I made it. We sat on the floor with our backs to her couch and our cups in our laps. I'd thought about how to start, all afternoon. I'd come up with several frameworks and discarded all of them before deciding that the only honest framework was the one I'd actually used on myself, in February, when my hand had been phasing through doorknobs and I'd wanted to tear my own arm off.

I told her that.

I told her how I'd sat in my own apartment with a coffee table between me and a piece of paper, and I'd put my hand on the paper, and I'd told my brain to let the hand go through the paper. And it hadn't worked. And I'd stopped telling, and started watching. And the paper had begun to interest me — its weave, its grain, the slight dust on the surface of it — and somewhere in the middle of the interest, my hand had gone through it without my asking it to.

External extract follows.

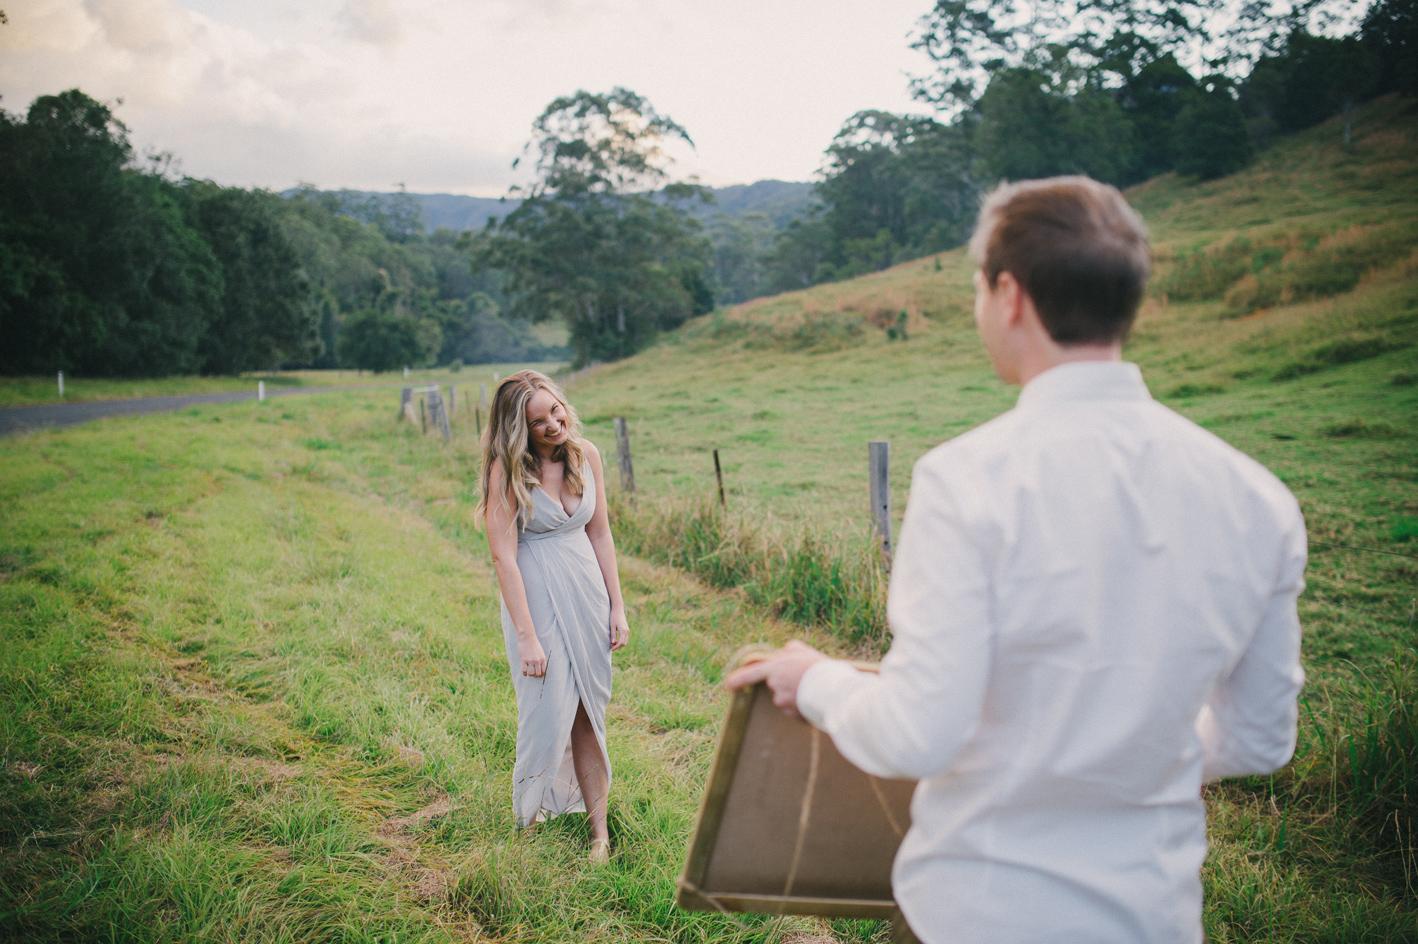 013-josh-shay-engagement-sophie-baker-photography

"The trick was to stop trying to phase," I said. "To remember that phasing was just being interested in the molecule structure of a thing. If I was interested enough, I could move through it. If I was trying to be interested, I couldn't."

"That's stupid."

"I know."

"That's meditation."

"Yeah."

"You're telling me my biggest problem is meditation."

"Not just. But yeah, in the beginning."

She drank her tea.

"Show me what you mean."

I picked the salt shaker off her side table.

"Ice this."

"Now?"

"Now."

She took it.

She closed her hand around it and pulled. Her shoulders went up half an inch. I watched her hold the shaker hard for about ten seconds. Nothing happened. Then her fingertips bloomed white and the salt shaker frosted over fast — too fast — and the glass cracked, hairline, and salt began to leak out of the bottom in a slow trickle.

She swore.

"That's — no, that's not what I —"

"Don't fight it."

"I wasn't —"

"Cait. You were squeezing your fingers. Watch."

I took the shaker back. Set it on the table. Salt continued to trickle.

"The squeeze was you trying to aim the cold. The cold doesn't have an aim yet. The cold is just there, in your hand, and when you squeeze the muscles you push it out at full bore. So don't squeeze. Open the hand. Let it lie flat. Notice what the cold feels like before you do anything else with it."

"I notice it, Harry."

"Notice it more boring than that."

"More boring."

"More boring. The cold is cold. It's not interesting. Let it be the most boring thing in the room. Then we can find what interesting things you can do with it."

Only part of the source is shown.